Euler and string theory

Euler was an eminent string theorist. He introduced the modern complex formalism for Fourier series describing the vibrations of a string and, as Larry pointed out, has solved a large number of partial differential equations relevant for oscillation of strings and drums (membranes).

Moreover, Euler has calculated the scattering amplitude B(u,v), also known as the Euler beta function, for four open-string tachyons 250 years before Veneziano. He has also computed the index of many moduli spaces of string-theoretical vacua, the so-called Euler characteristics.




Euler's favorite worldsheet approach to perturbative string theory were the so-called ghost pyramids. He was the first one who has calculated the key formula that counts that central charge of the ghost pyramid (up to a trivial extra factor of 32). The article about this identity is the featured article on the main page of Wikipedia today. A simple modification of the identity leads to the calculation of the zero point energy of a string and the critical dimension - calculations that Euler wasn't able to complete.

Euler has proven the simplest versions of the Euler-Ramanujan identities that follow from the fact that the tachyonic minimum solves the equations of motion of cubic string field theory. Martin Schnabl has used the Euler-Maclaurin formula to prove that his state was a solution of the cubic string field theory.

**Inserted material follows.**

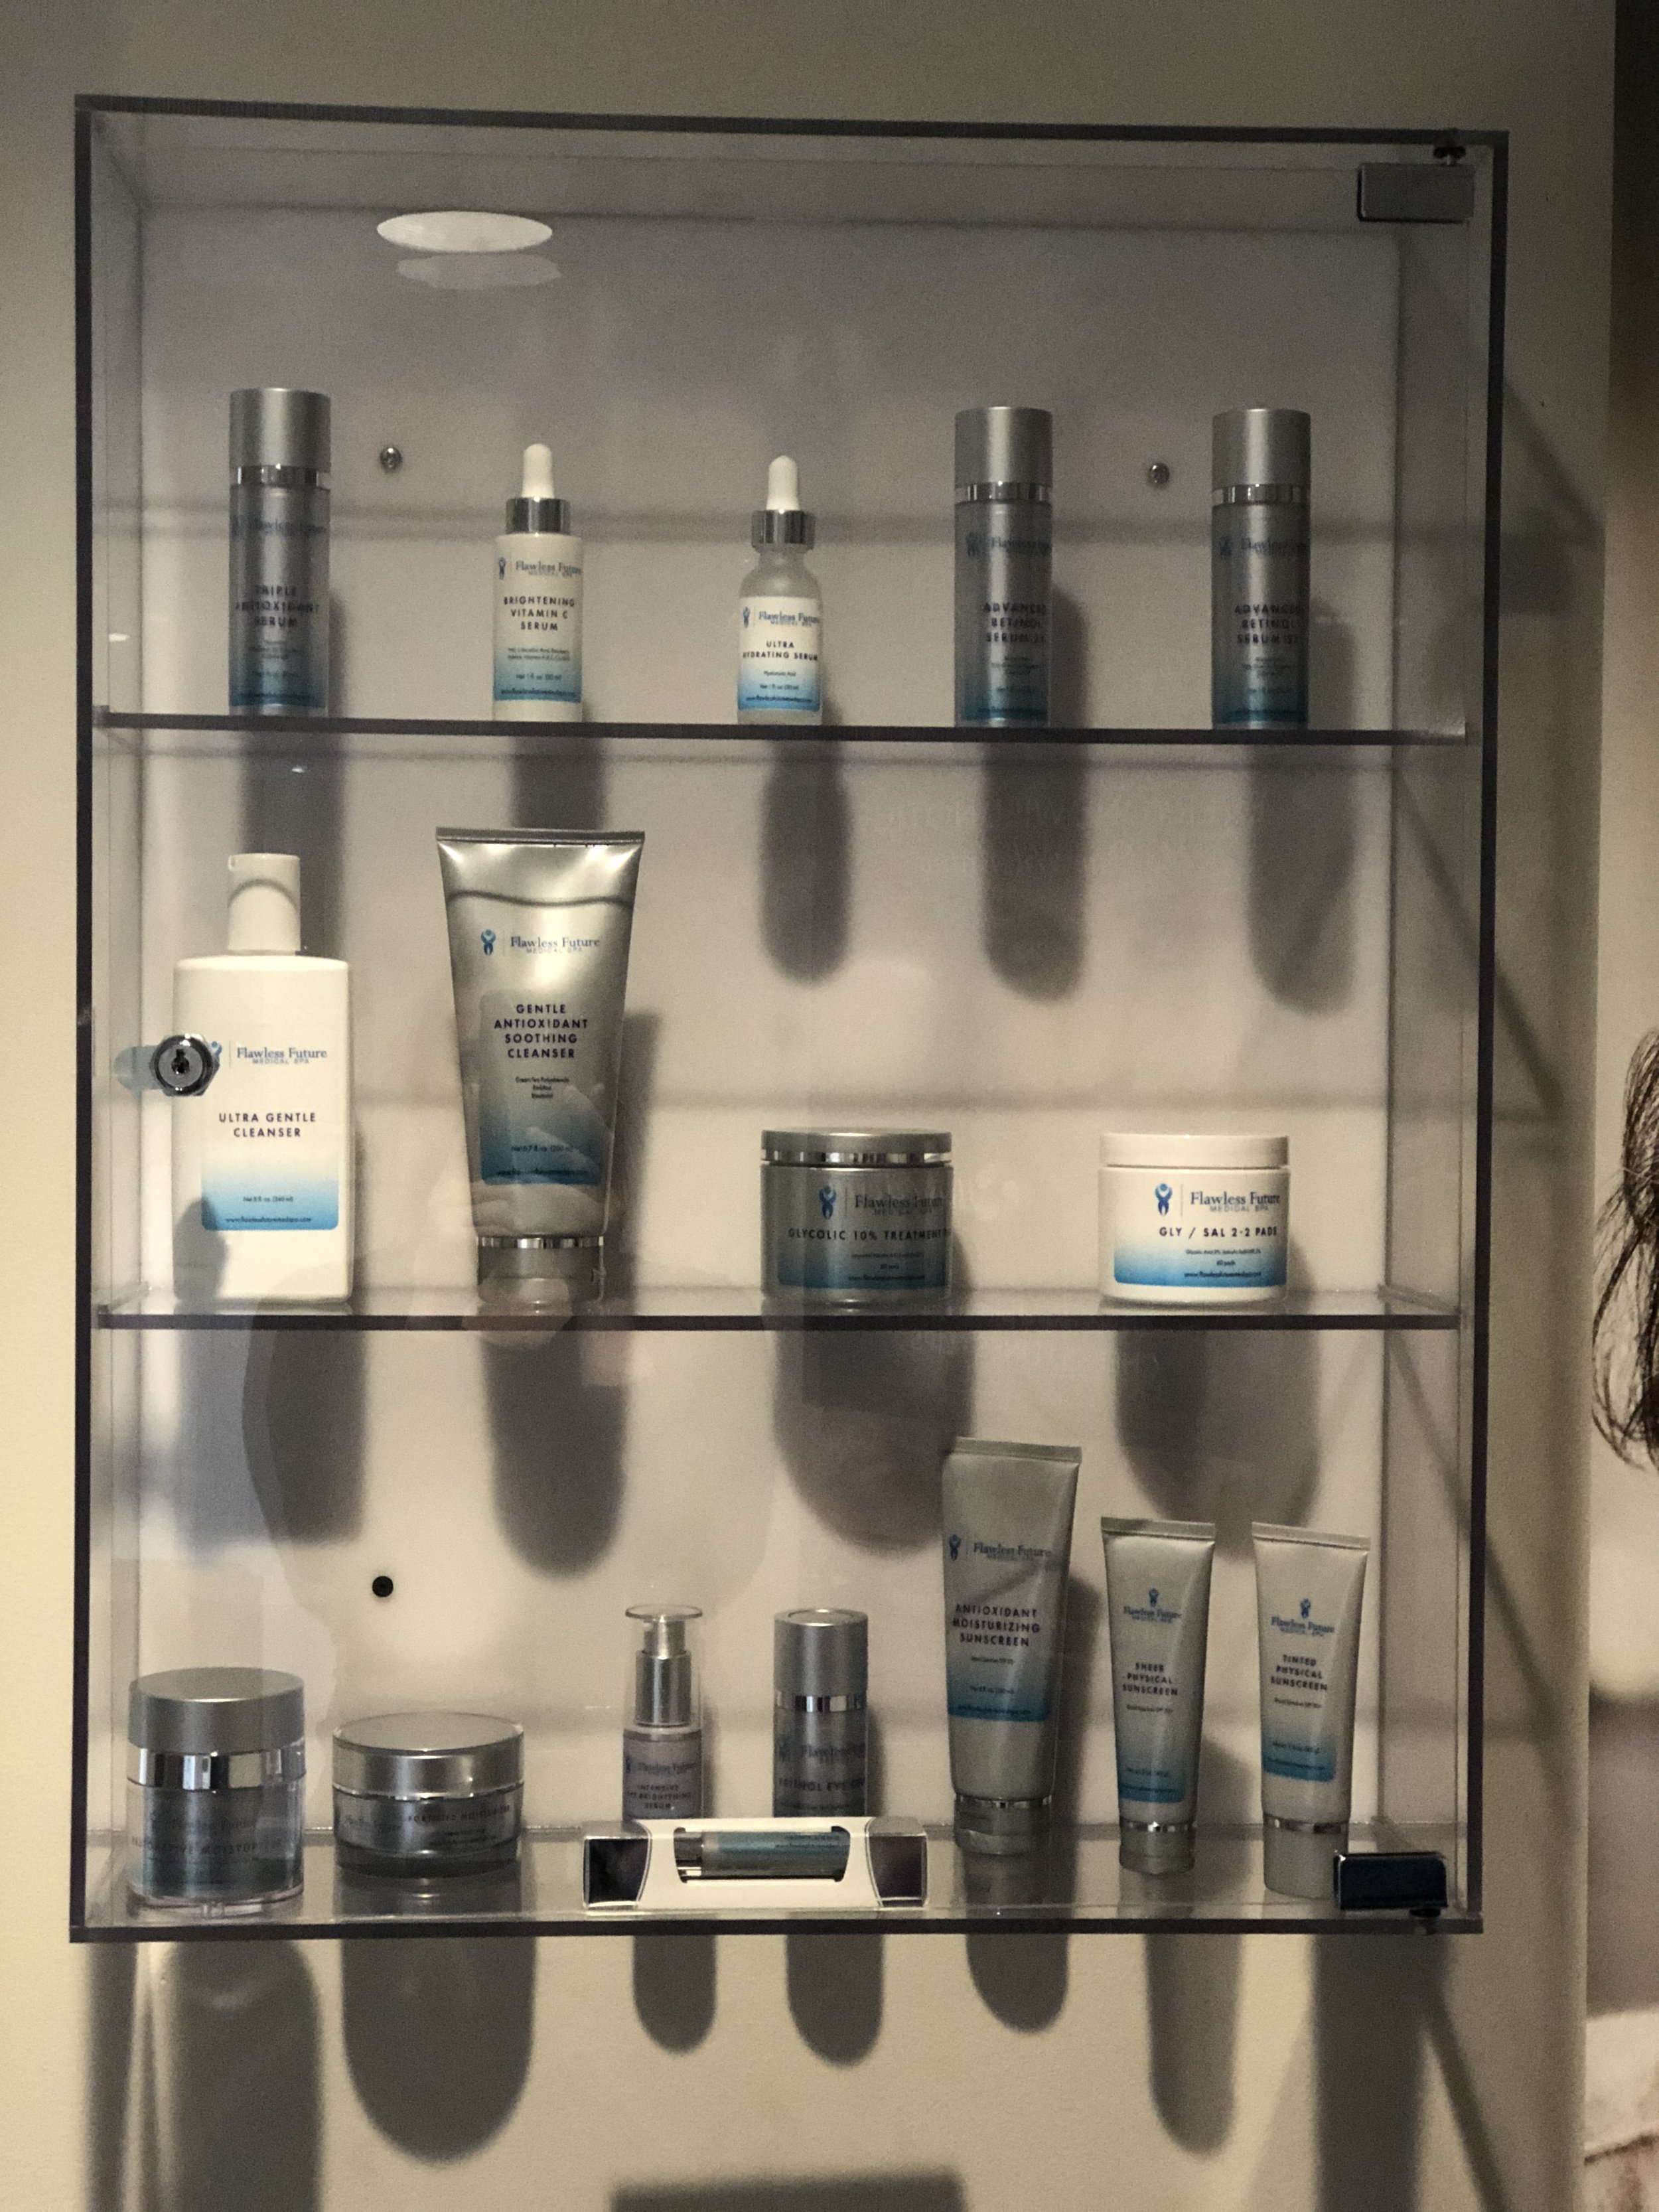 Flawless-Future-Med-Spa-Skin-Care-Products-Cabinet-Scranton.JPG

Euler has discovered three angles that parameterize a general SO(3) rotation and allow one to write down the path integral for a spinning top, something so incredible that Bert Schroer couldn't believe it as recently as in 2006.

There are more than fifty concepts named after Euler and I can't enumerate all of them here.

Appraisal

As you can see, Euler was quite an impressive mathematically-inclined string theorist who was ahead of his time. He counts as the most prolific mathematician of all time and a guy who wasn't stopped by blindness. I wonder whether back in the 18th century, aggressive crackpots were attacking Euler for not being sufficiently scientific just like they do today.

Via Cynthia.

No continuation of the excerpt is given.